If you signed a joint contract with your former spouse for a loan or credit card, you’re still responsible for the debt in the eyes of the lender, regardless of what your divorce decree says. If your ex-spouse is assigned responsibility for paying a joint mortgage in your divorce decree, but he/she fails to pay on time, new late payments will almost certainly be added to both of your credit reports. Both of your credit scores could suffer.
The scenario above happens all the time. It’s one of the reasons why it’s so important to pay off or refinance joint debt prior to the final divorce decree, if at all possible, as recommended by Experian.
4) Establish Your Own Credit, If Needed
Finally, make sure you have credit established in your own name. This is especially important if all of your previous accounts were joint or if you were only an authorized user on the credit cards.
Need to build credit in your name?

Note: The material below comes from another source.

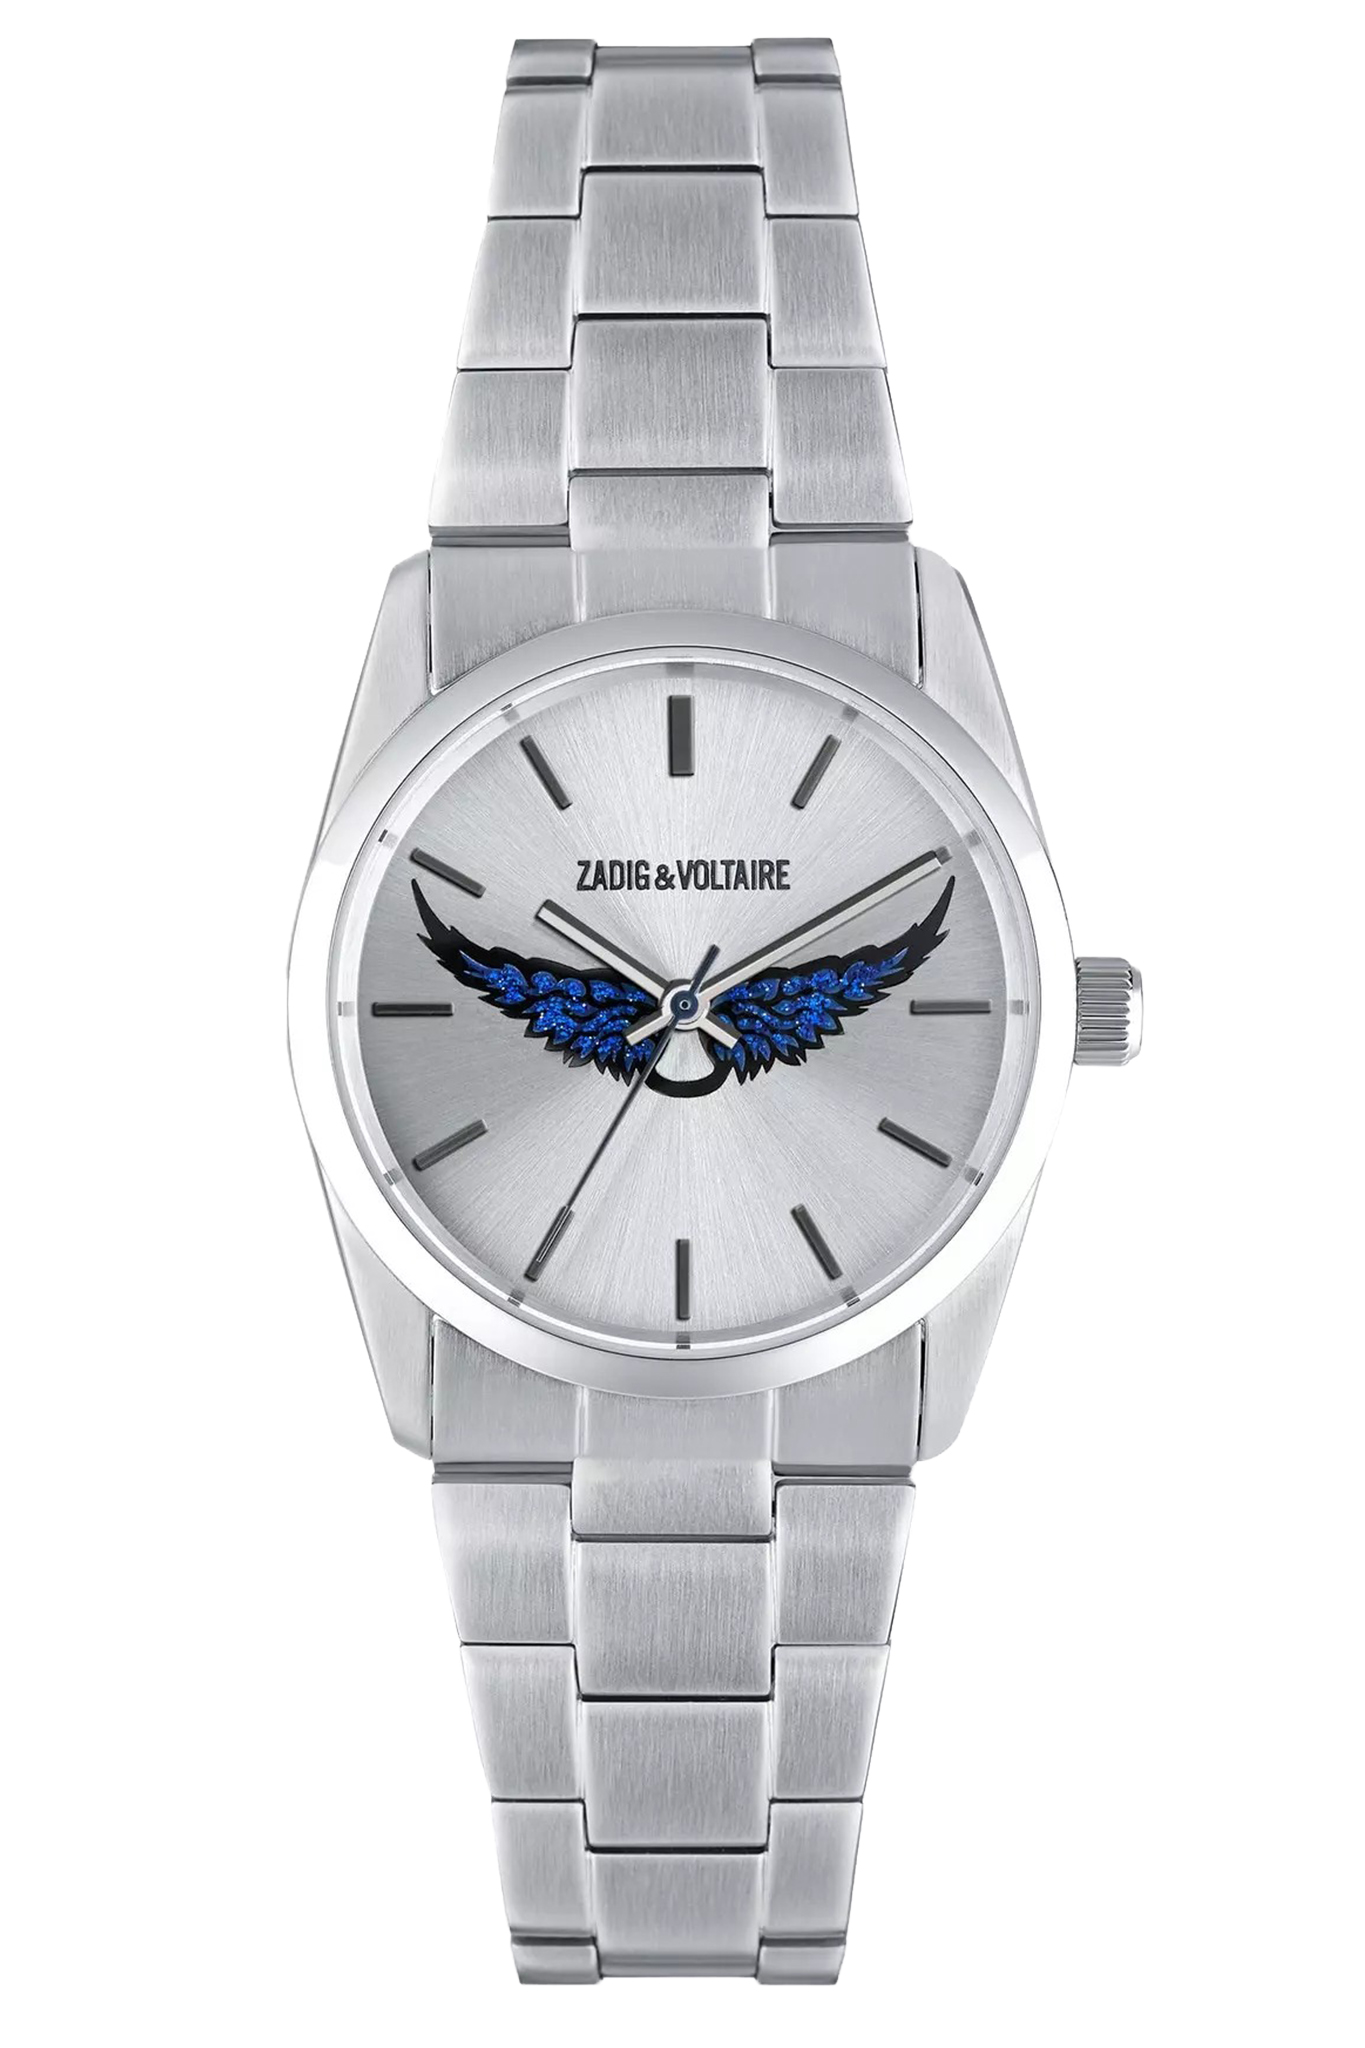 MONTRE_ZADIG_VOLTAIRE_TIMELESS_AILES_FOND_BLANC_190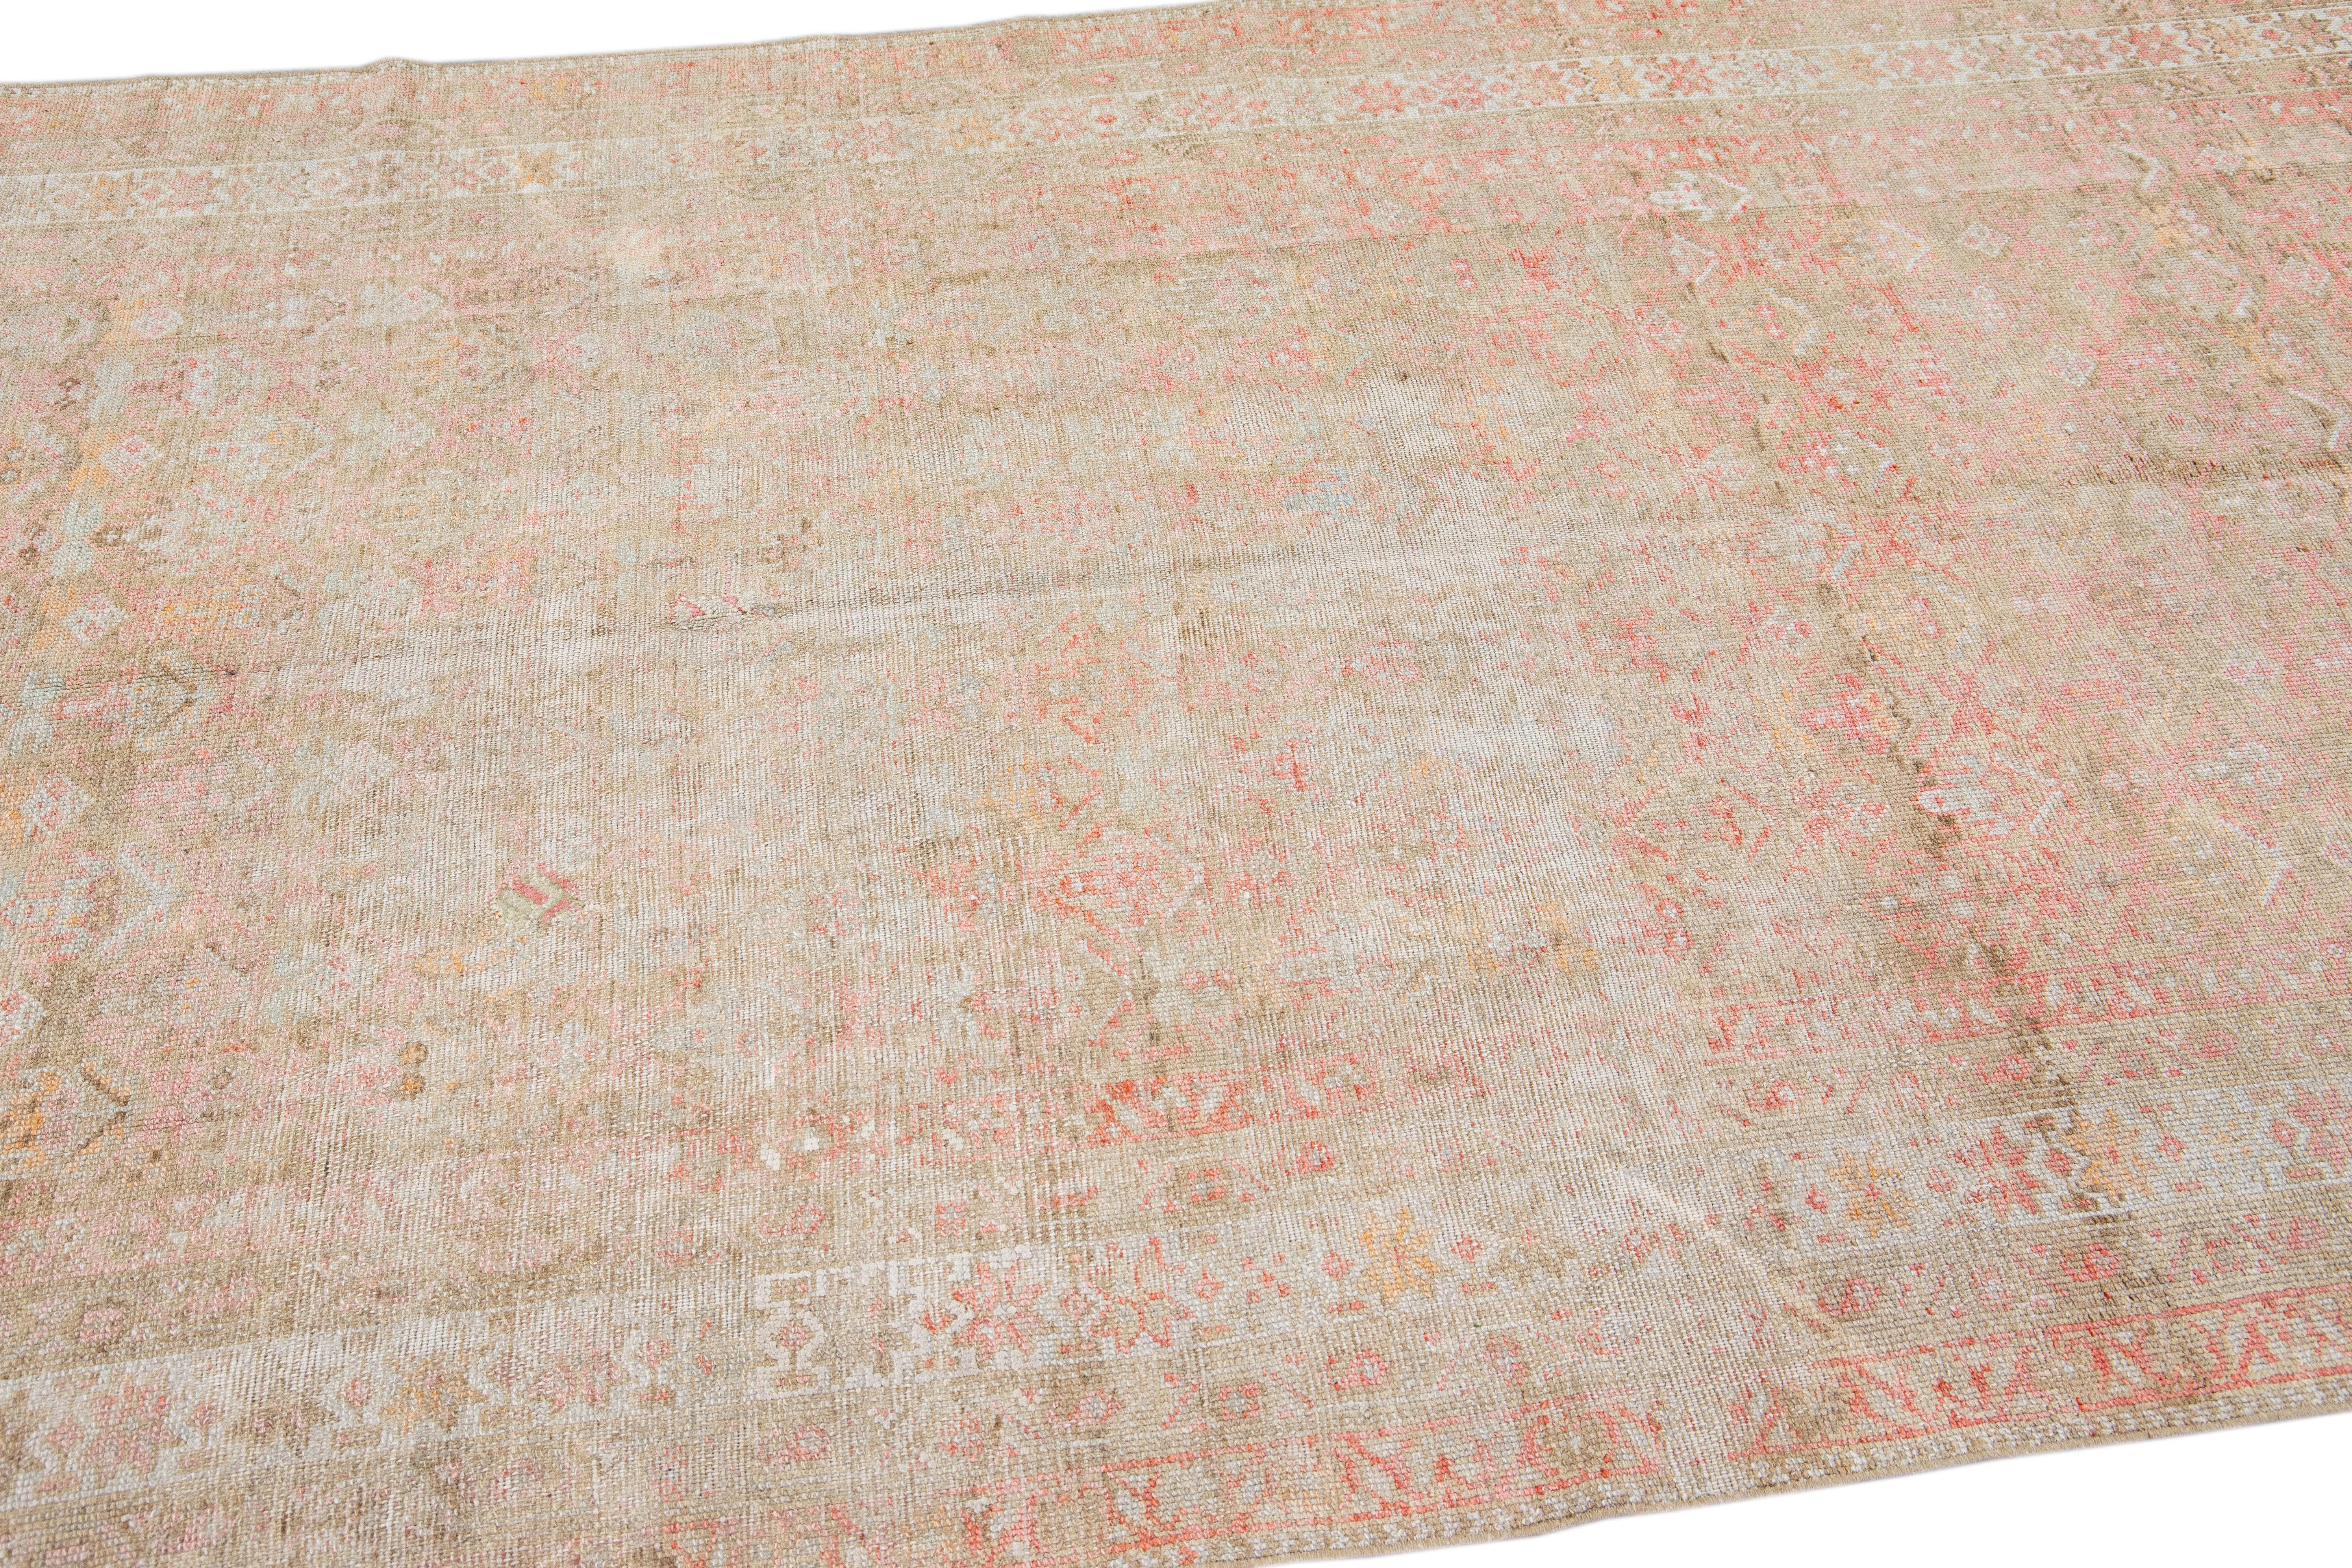 Hand-Knotted Antique Malayer Handmade Geometric Pattern Pink and Tan Scatter Wool Rug For Sale

A credit card can be a smart place to start. A properly managed credit card (no late payments, balance paid in full each month) has the potential to do great things for your credit scores.
The Bottom Line
Not doing the work to protect your credit during a divorce might leave you feeling less overwhelmed in the short term, but it’s a mistake that can haunt you for years to come.
Post-divorce, many people find themselves with low credit scores and damaged credit reports, unable to qualify for loans, credit cards or even an apartment. You can and should do everything in your power to avoid these problems.
Make the effort to protect your credit on the front end. It might not be fun, but you’ll be grateful later.